Moving forward, our goal is to identify mutations that impact the morphology of the DVB neuron. To achieve this, we will rely on the Laplacian score once again. However, it is essential to consider the unequal representation of worms with a given genotype across different ages in the dataset. To address this issue, we will account for the uneven distribution of ages for each genotype. As an example, we will investigate the impact of deleterious mutations in the unc-25 gene. Let us first look at their distribution in the cell morphology space:
[5]:
plotly.express.scatter(x=embedding[:,0],
y=embedding[:,1],
template="simple_white",
hover_name=[m + ".swc" for m in cells],
color = [str(m) for m in metadata["unc-25"]])

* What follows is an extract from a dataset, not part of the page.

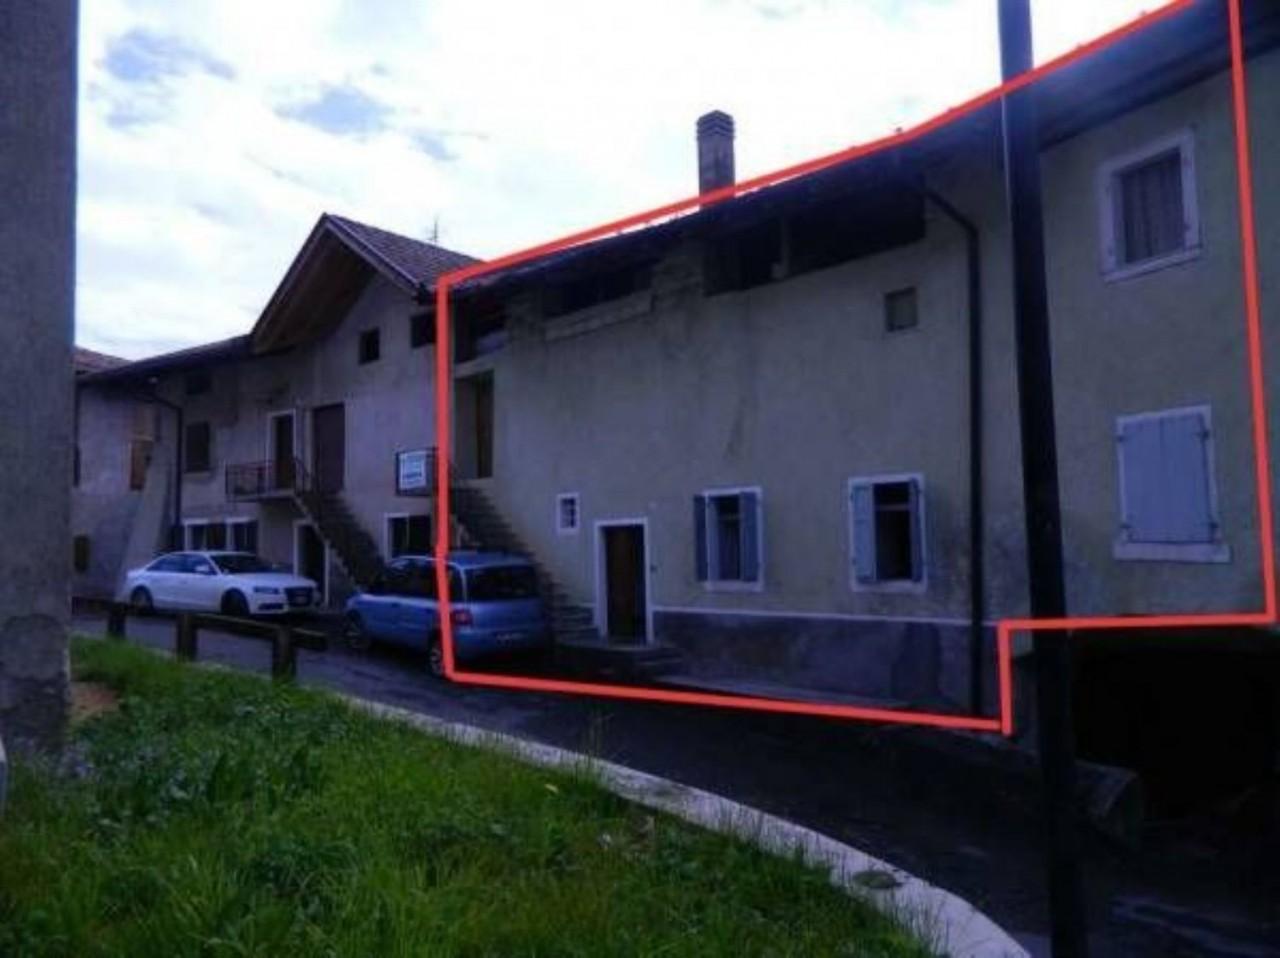 Casa singola in vendita a Bleggio Superiore
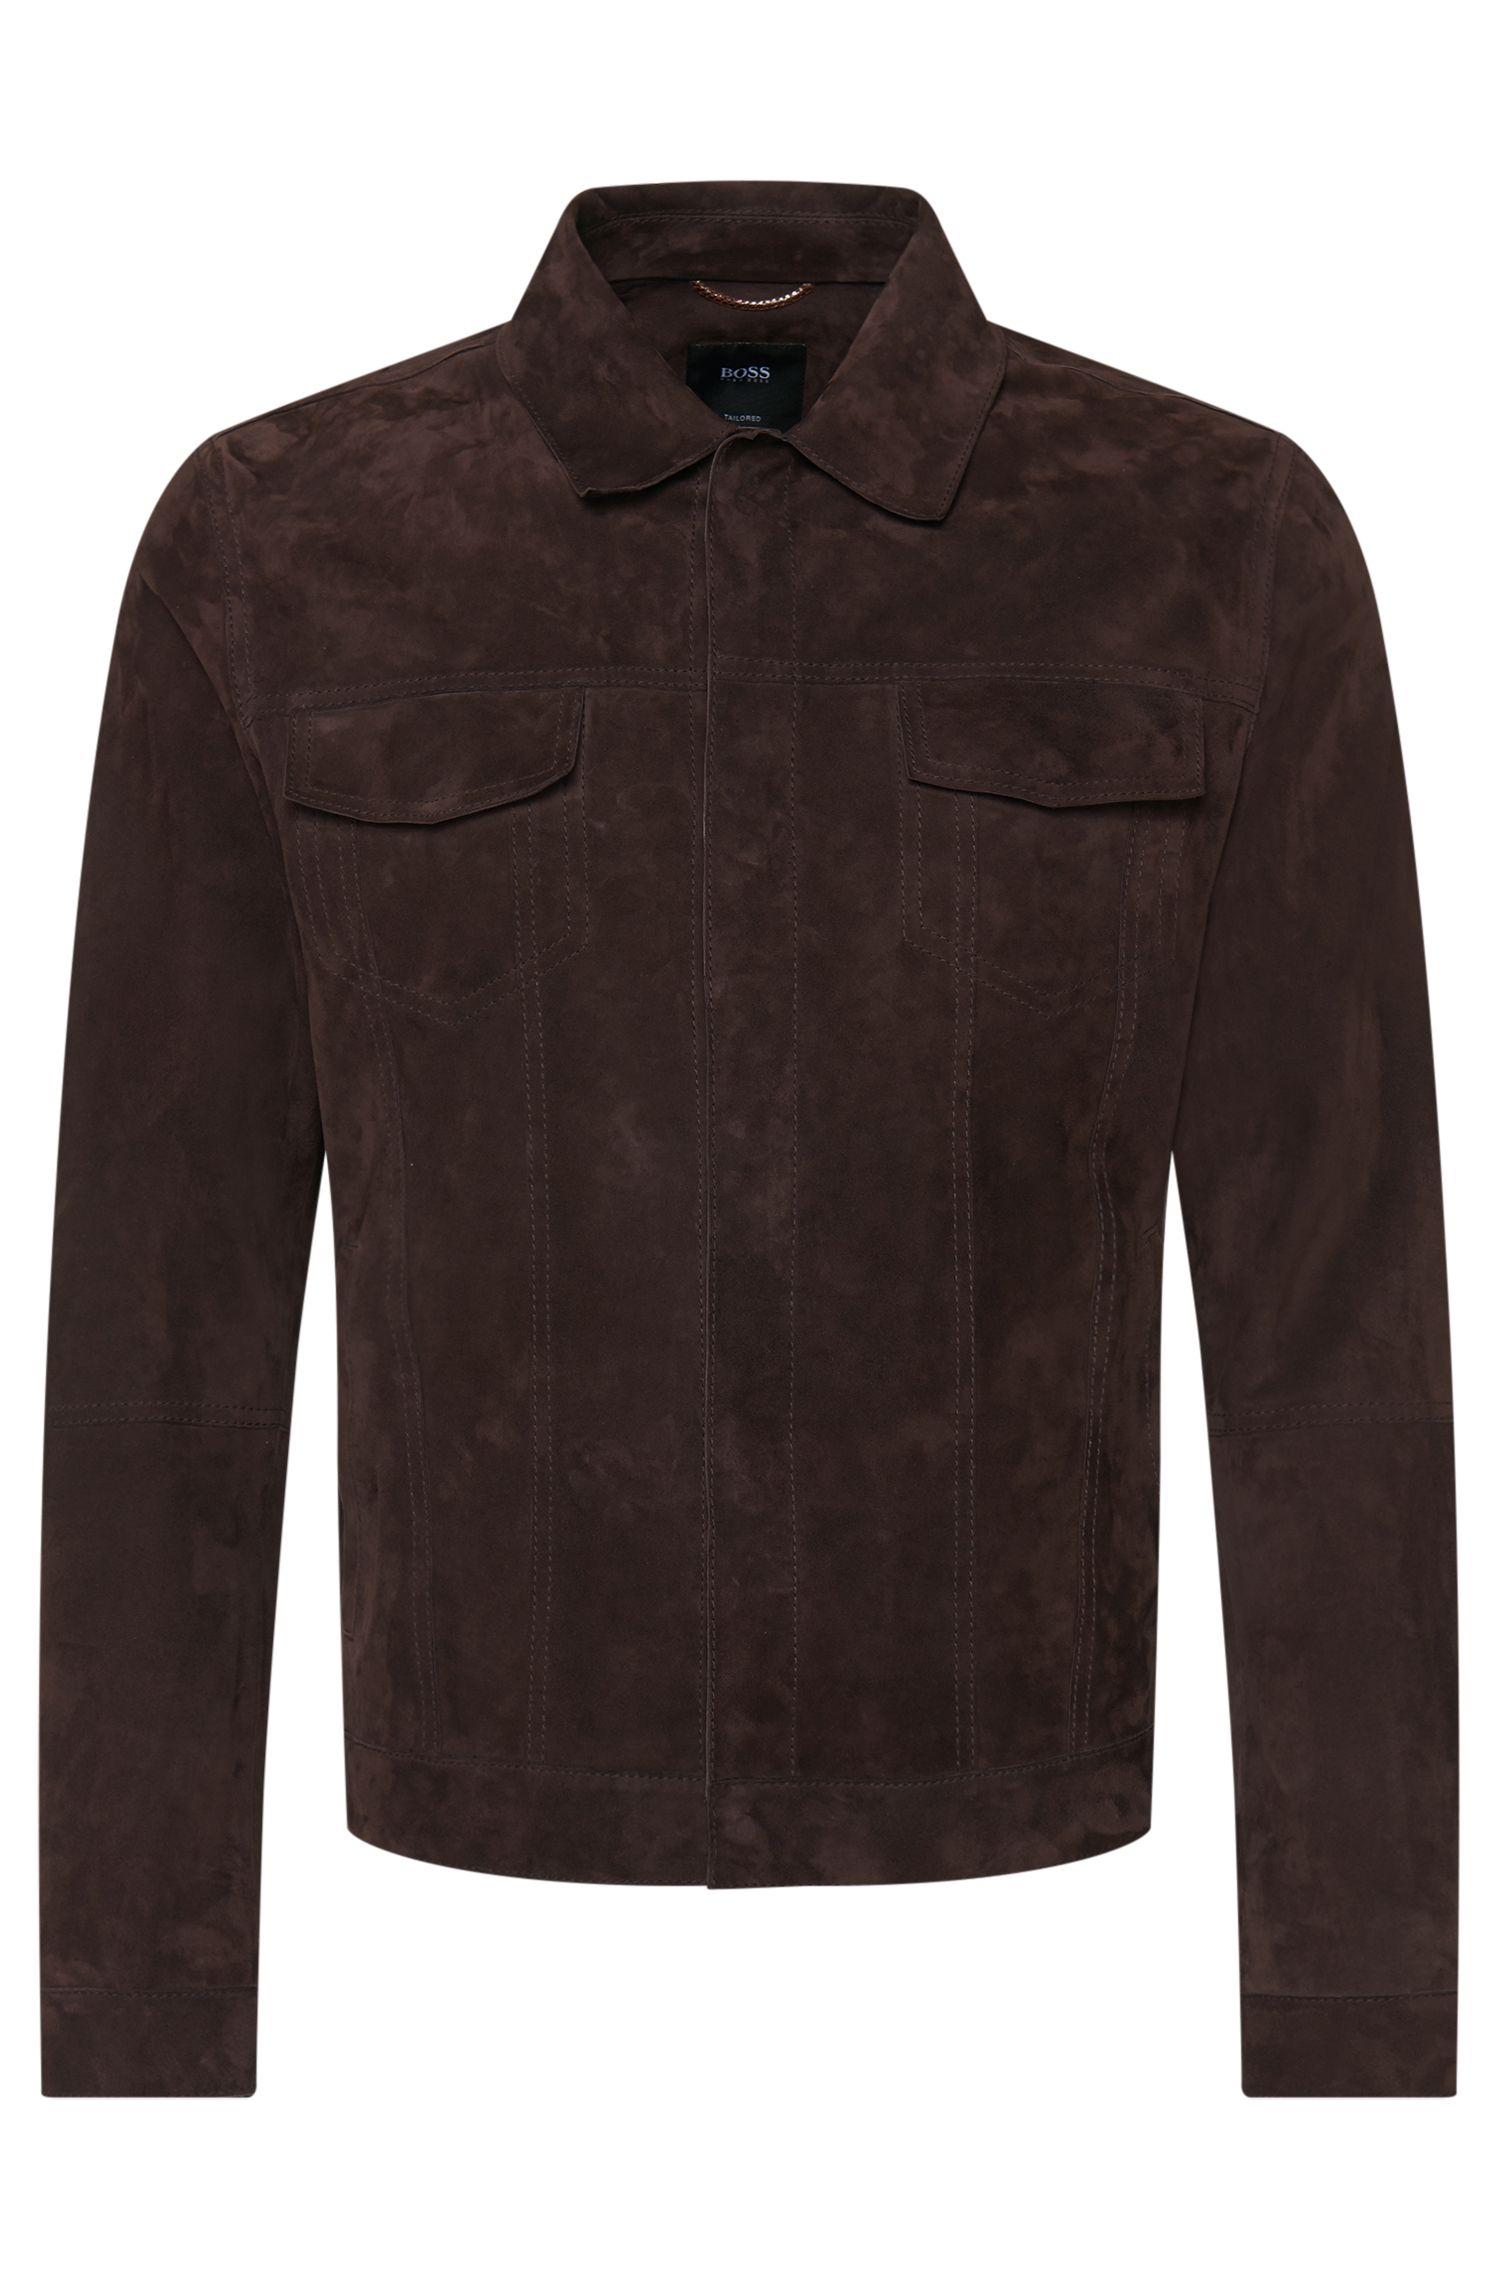 'T-Carpin' | Italian Suede Lambskin Jacket

The UMAP representation reveals that cells with a deleterious mutation in unc-25 exhibit similar morphology, a finding supported by the small p-value of the Laplacian score of unc-25 in the cell morphology space:
[6]:
laplacian = pandas.DataFrame(cajal.laplacian_score.laplacian_scores(numpy.array(metadata["unc-25"]).reshape(799,1),
gw_dist,
numpy.median(squareform(gw_dist)),
permutations = 5000,
covariates = None,
return_random_laplacians = False)[0])
print(laplacian)
feature_laplacians laplacian_p_values laplacian_q_values
0 0.995076 0.0018 0.0018
However, most of the samples with a mutation in unc-25 were obrained from worms with ages 1 or 3 days:
[7]:
metadata.loc[metadata["unc-25"]==1,"day"].value_counts()
[7]:
day
1 18
3 6
Name: count, dtype: int64
This leads to the question: is the comparable morphology of neurons with a deleterious mutation in unc-25 attributed to the mutation itself or the similar age of the worms? To address this issue, we can employ the Laplacian score but treating the age of the worm as a covariate:
[8]:
laplacian = pandas.DataFrame(cajal.laplacian_score.laplacian_scores(numpy.array(metadata.iloc[:,0:11]),
gw_dist,
numpy.median(squareform(gw_dist)),
permutations = 5000,
covariates = numpy.array(metadata["day"]),
return_random_laplacians = False)[0])
laplacian.index = metadata.columns.values.tolist()[0:11]
print(laplacian)
feature_laplacians laplacian_p_values laplacian_q_values beta_0 \
nrx-1 0.996719 0.006399 0.011731 0.956887
mir-1 1.000039 0.111378 0.136128 1.026848
unc-49 0.996520 0.003599 0.007918 1.028211
nlg-1 0.994465 0.000600 0.003299 0.963889
unc-25 0.995076 0.000800 0.002933 0.939057
unc-97 0.961623 0.000200 0.002200 1.018694
lim-6 1.000994 0.297341 0.327075 1.014122
lat-2 0.994034 0.001000 0.002749 1.005568
ptp-3 0.999564 0.075985 0.104479 0.996278
sup-17 0.997842 0.015797 0.024824 1.000428
pkd-2 1.001726 0.557489 0.557489 1.000327
beta_1 beta_1_p_value regression_coefficients_fstat_p_values \
nrx-1 0.044518 0.001075 0.002150
mir-1 -0.025304 0.967517 0.064965
unc-49 -0.026688 0.972844 0.054311
nlg-1 0.037528 0.003827 0.007655
unc-25 0.062309 0.000005 0.000009
unc-97 -0.017181 0.885955 0.228091
lim-6 -0.012625 0.813719 0.372562
lat-2 -0.004112 0.613235 0.773530
ptp-3 0.005176 0.356134 0.712268
sup-17 0.001059 0.470654 0.941307
pkd-2 0.001098 0.468699 0.937398
laplacian_p_values_post_regression laplacian_q_values_post_regression
nrx-1 0.043991 0.060488
mir-1 0.030594 0.048076
unc-49 0.000800 0.003519
nlg-1 0.003999 0.010998
unc-25 0.021796 0.039959
unc-97 0.000200 0.002200
lim-6 0.159568 0.175525
lat-2 0.000800 0.003519
ptp-3 0.095181 0.116332
sup-17 0.016597 0.036513
pkd-2 0.577684 0.577684
Upon examining the table, we note that the q-value of unc-25 shifts from 0.003 to 0.04 after adjusting for the covariate effect. Consistent with this, the F-statistic suggests an impact of the covariate on the Laplacian score of unc-25, as evidenced by the low p-value of the F-statistic.